Uno sviluppo fuori controllo, si è detto, che ha determinato una rapina sconsiderata delle risorse naturali col rischio reale di una catastrofe ecologica in quanto ha compromessol’equilibrio di autoregolazione che interessa i vari attori del teatro della biosfera. Il tutto, schematizzando, è stato implicitamente (e interessatamente) considerato come un’evoluzione eticamente accettabile in quanto l’essere umano è pensante, animato (dal latino animus, soffio vitale), mentre l’altro da sé, l’ambiente, la res extensa, no, è non pensante, senza soffio vitale; quindi senz’anima. In pratica è materia bruta, dominabile e sfruttabile senza vincolo e limite alcuno.

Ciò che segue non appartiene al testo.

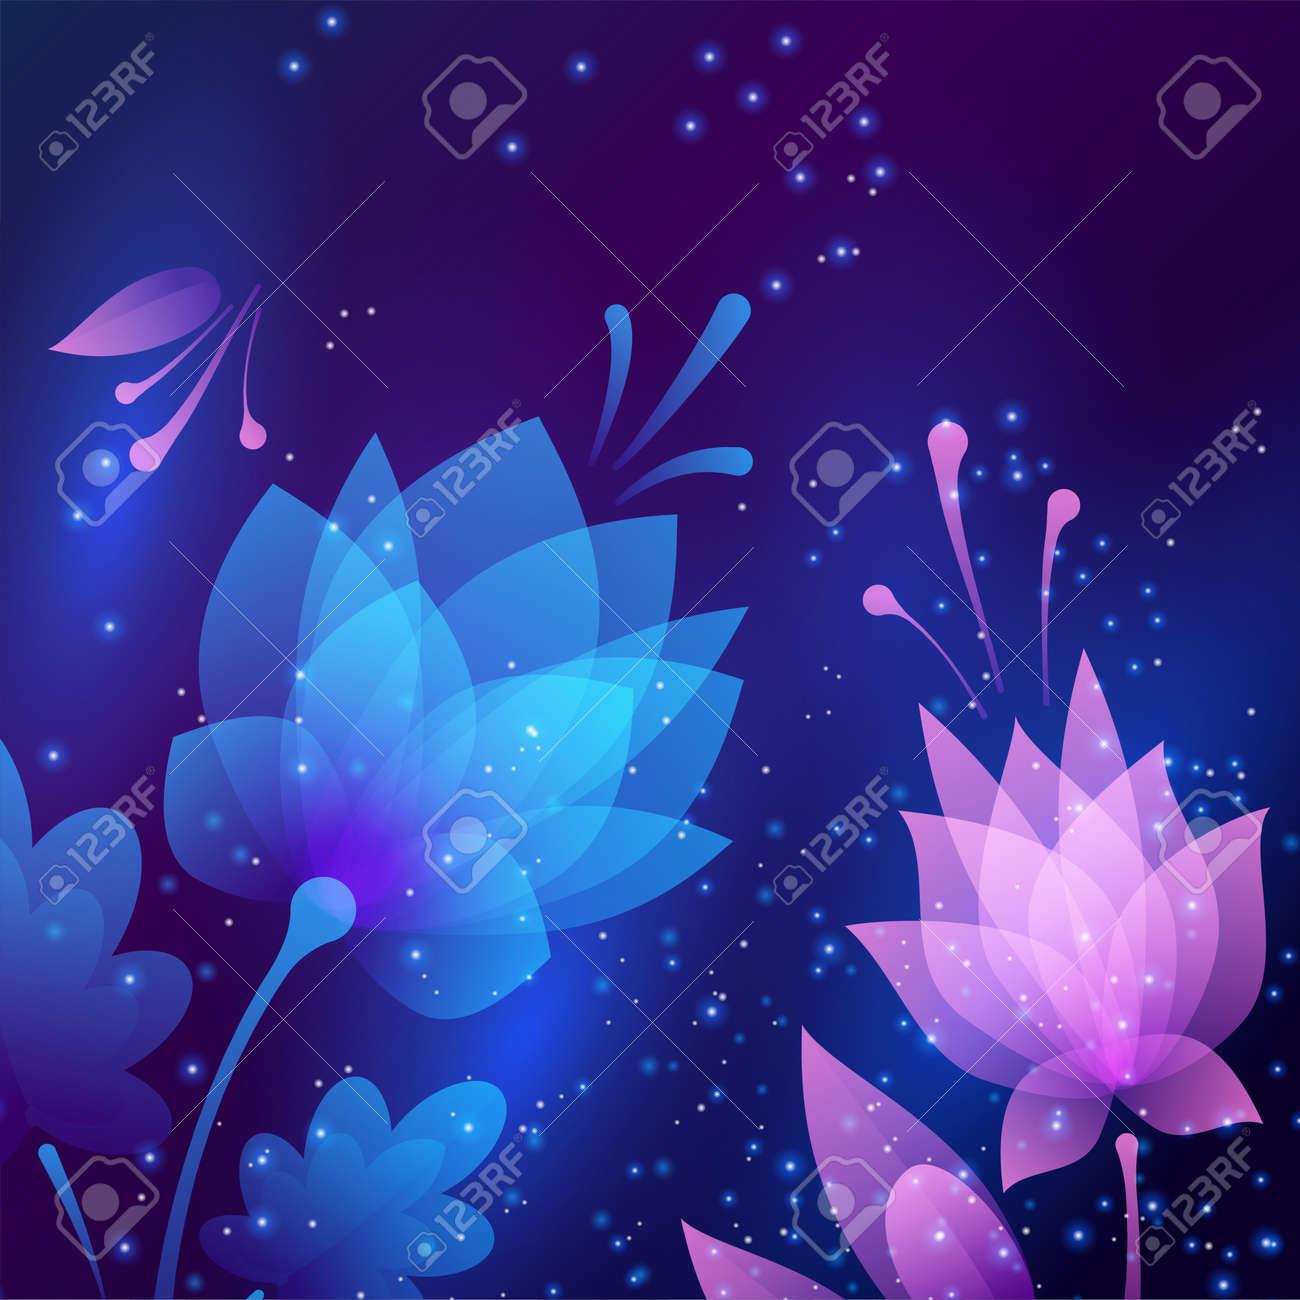 Beautiful futuristic night flowers abstract card illustration beautiful futuristic night flowers abstract card illustration stock illustration 98992933 izmirmasajfo

E i disastri ambientali, di cui il riscaldamento globale è l’effetto più macroscopico, si cominciano a vedere in qualunque parte del mondo.

Negli ultimi decenni, però, grazie alla crescita della ricerca scientifica, alle parallele sollecitazioni dei movimenti ambientalisti e alla spinta dei giovani stimolati da Greta Thunberg, si sta sempre più consolidando la consapevolezza che la vita su questo pianeta, e soprattutto quella degli esseri umani, è e sarà sempre più strettamente legata alla salute dell’ambiente, ovvero all’ecosostenibilità delle nostre azioni…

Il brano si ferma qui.